Let's see how it's done!

DNA sequences are `String`s of `Char`s

In julia, single characters and strings, which are made up of multiple characters, have different types. Char and String respectively.

They are also written differently - single quotes for a Char, and double quotes for a `String'.

julia

chr = 'a'
str = "A"
typeof(chr)

Char

julia

typeof(str)

String

In many ways, a String can be thought of as a vector of Chars, and many julia functions that operate on collections like Vectors will work on Strings.
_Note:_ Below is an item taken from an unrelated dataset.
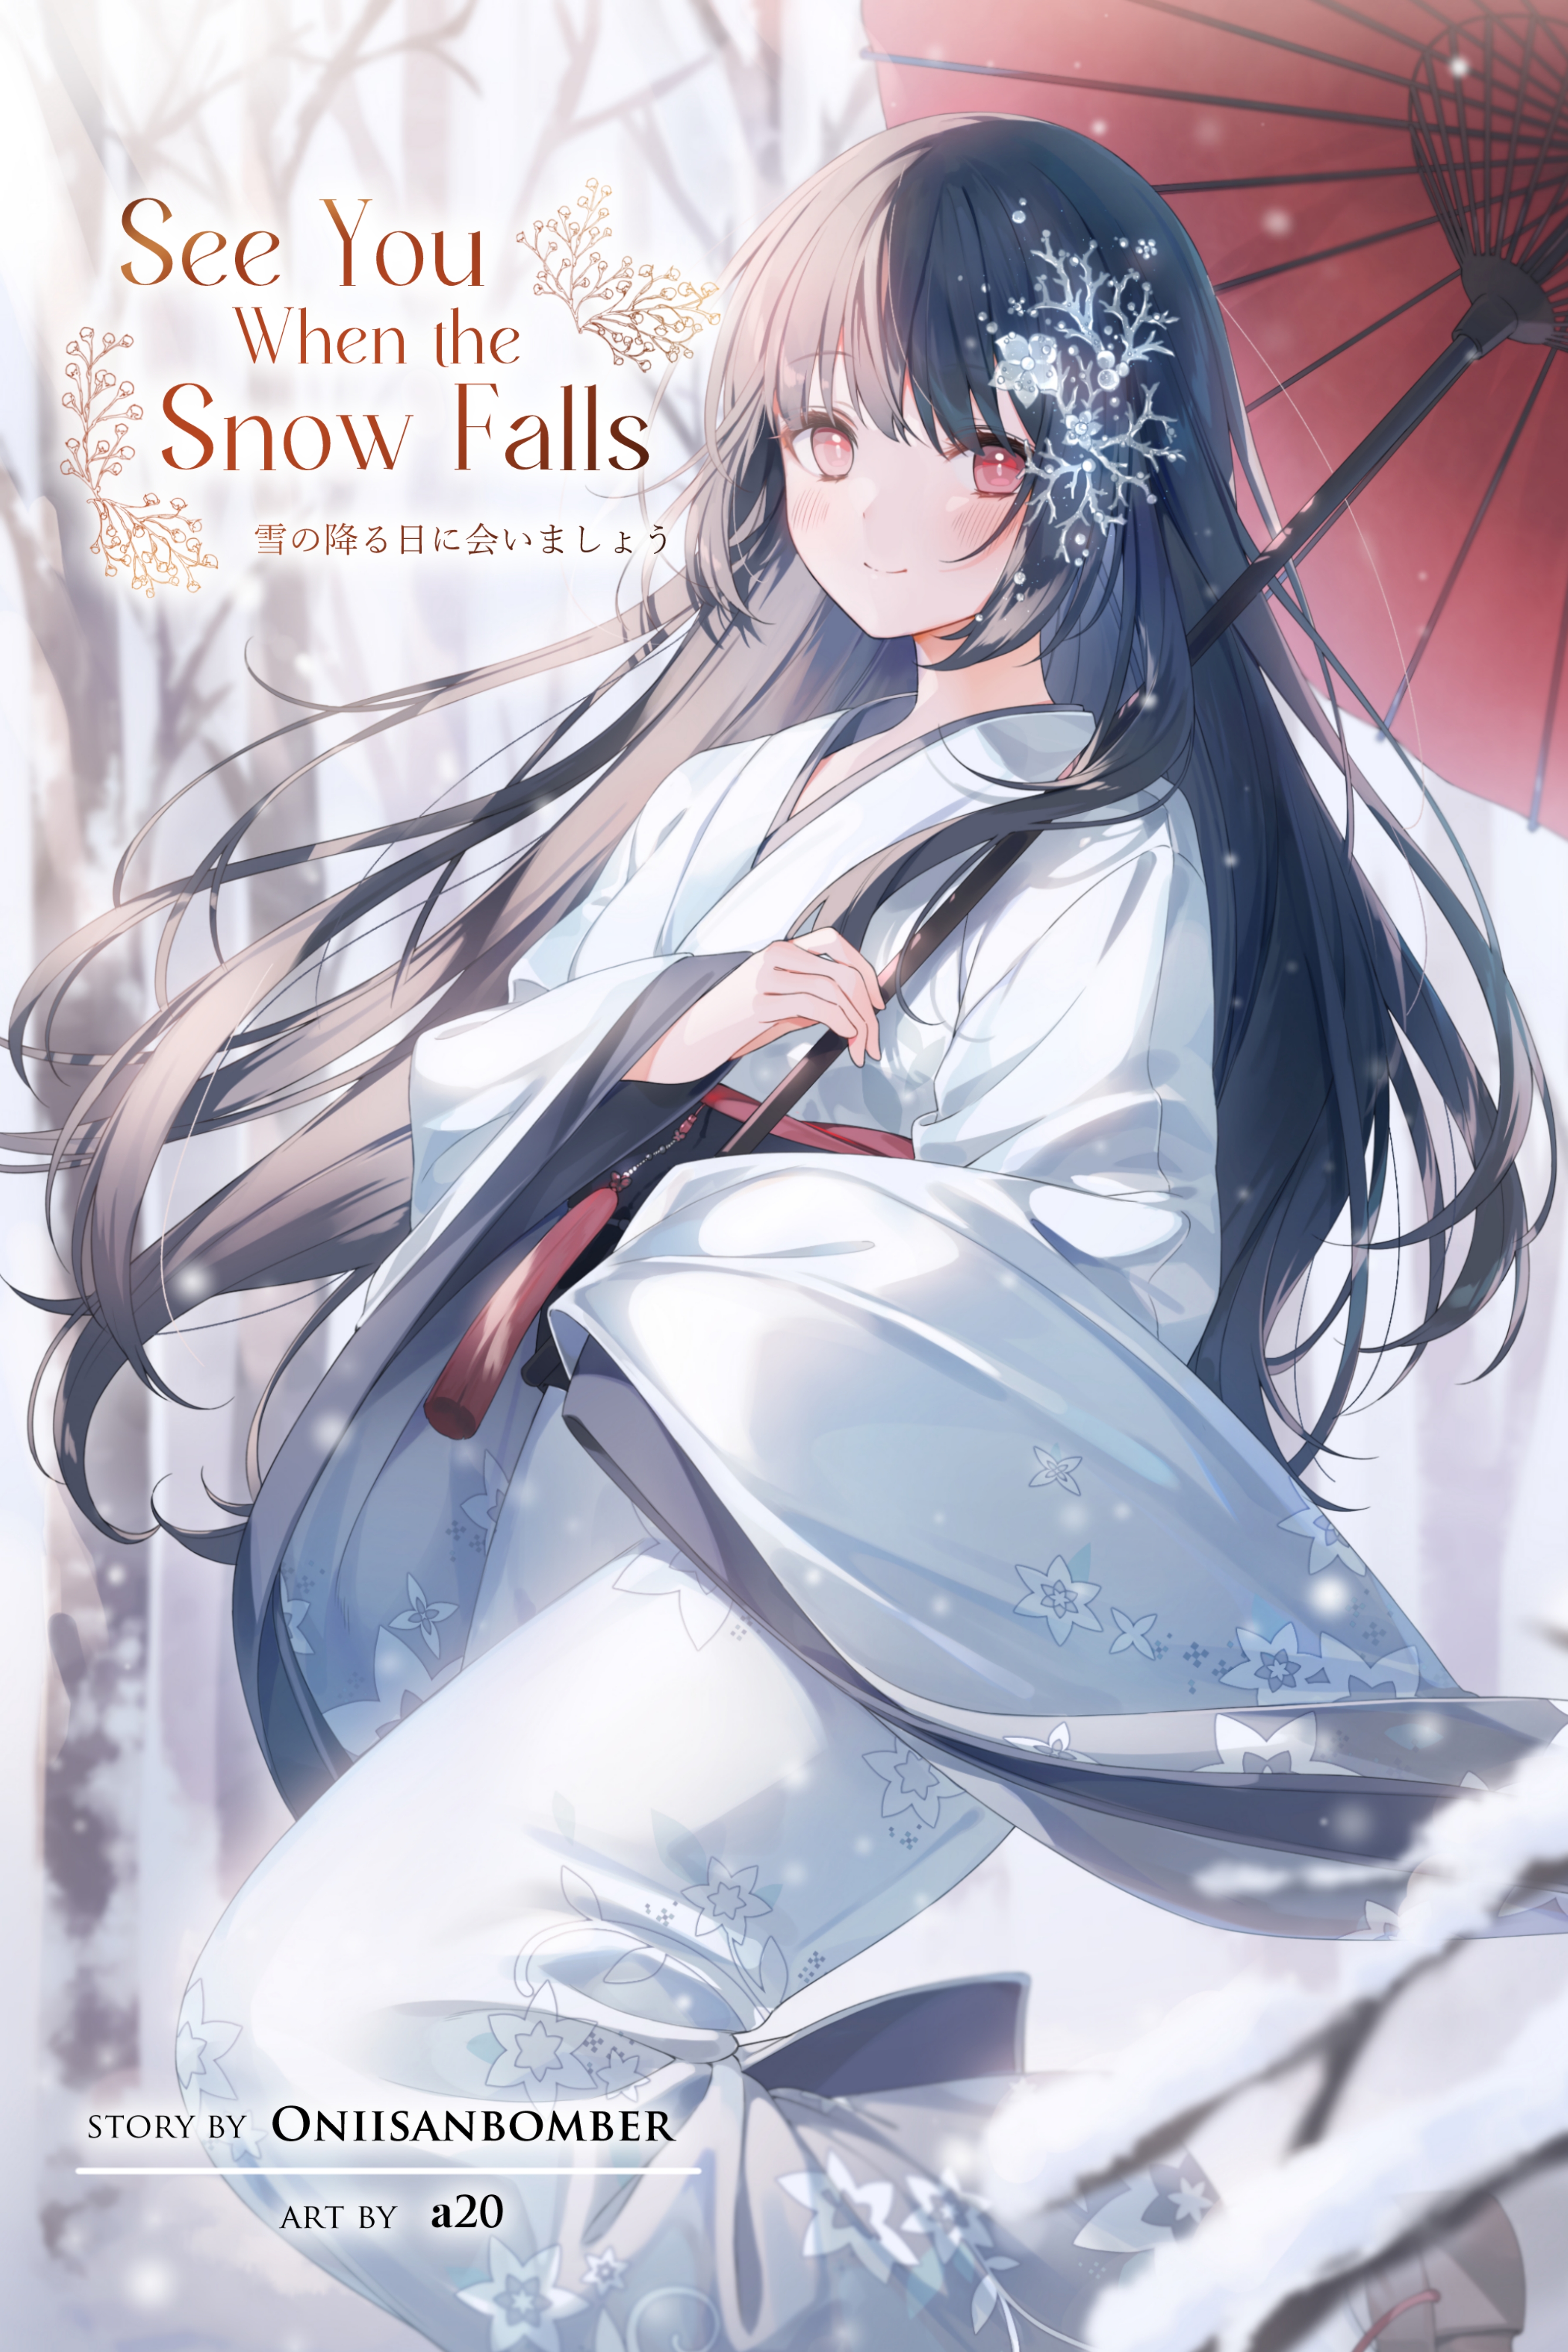 Das englische Cover zu "See You When the Snow Falls" das Bild zeigt ein Mädchen im Kimono mit einem roten Sonnenschirm.

We can also loop over the contents of a string, which will treat each Char separately.

julia

for c in "banana"
	@info c
end

[ Info: b
[ Info: a
[ Info: n
[ Info: a
[ Info: n
[ Info: a

Approach 1: counting in loops

One relatively straightforward way to approach this problem is to set a variable to 0 for each base, then loop through the sequence, adding 1 to the appropriate variable at each character.
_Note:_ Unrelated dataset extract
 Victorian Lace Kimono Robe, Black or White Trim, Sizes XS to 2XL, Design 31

I'll also stick this into a function, so we can easily reuse the code.

julia

function countbases(seq) # here `seq` is an "argument" for the function
	a = 0
	c = 0
	g = 0
	t = 0
	for base in seq
		if base == 'A'
			a += 1 # this is equivalent to `a = a + 1`
		elseif base == 'C'
			c += 1
		elseif base == 'G'
			g += 1
		elseif base == 'T'
			t += 1
		else
			# it is often a good idea to try to handle possible mistakes explicitly
			error("Base $base is not supported")
		end
	end
	return (a, c, g, t)
end

countbases("AAA")

(3, 0, 0, 0)

Now let's see if it works on the example dataset. Remember, we should be getting the answer 20 12 17 21

julia

answer = "20 12 17 21"
input_dna = "AGCTTTTCATTCTGACTGCAACGGGCAATATGTCTCTGTGTGGATTAAAAAAAGAGTGTCTGATAGCAGC"
countbases(input_dna)

(20, 12, 17, 21)

Well, the formatting is just a bit different - The julia type is a Tuple, which is surrounded by parentheses. To fix this, we can use the join function.

julia

@assert join(countbases(input_dna), " ") == answer

Approach 2: using `count()`

Another approach is to use the built-in count() function, which takes a "predicate" function as the first argument and an iterable collection as the second argument. The predicate function must take each element of the collection, and return either true or false. The count() function then returns the number of elements that returned true.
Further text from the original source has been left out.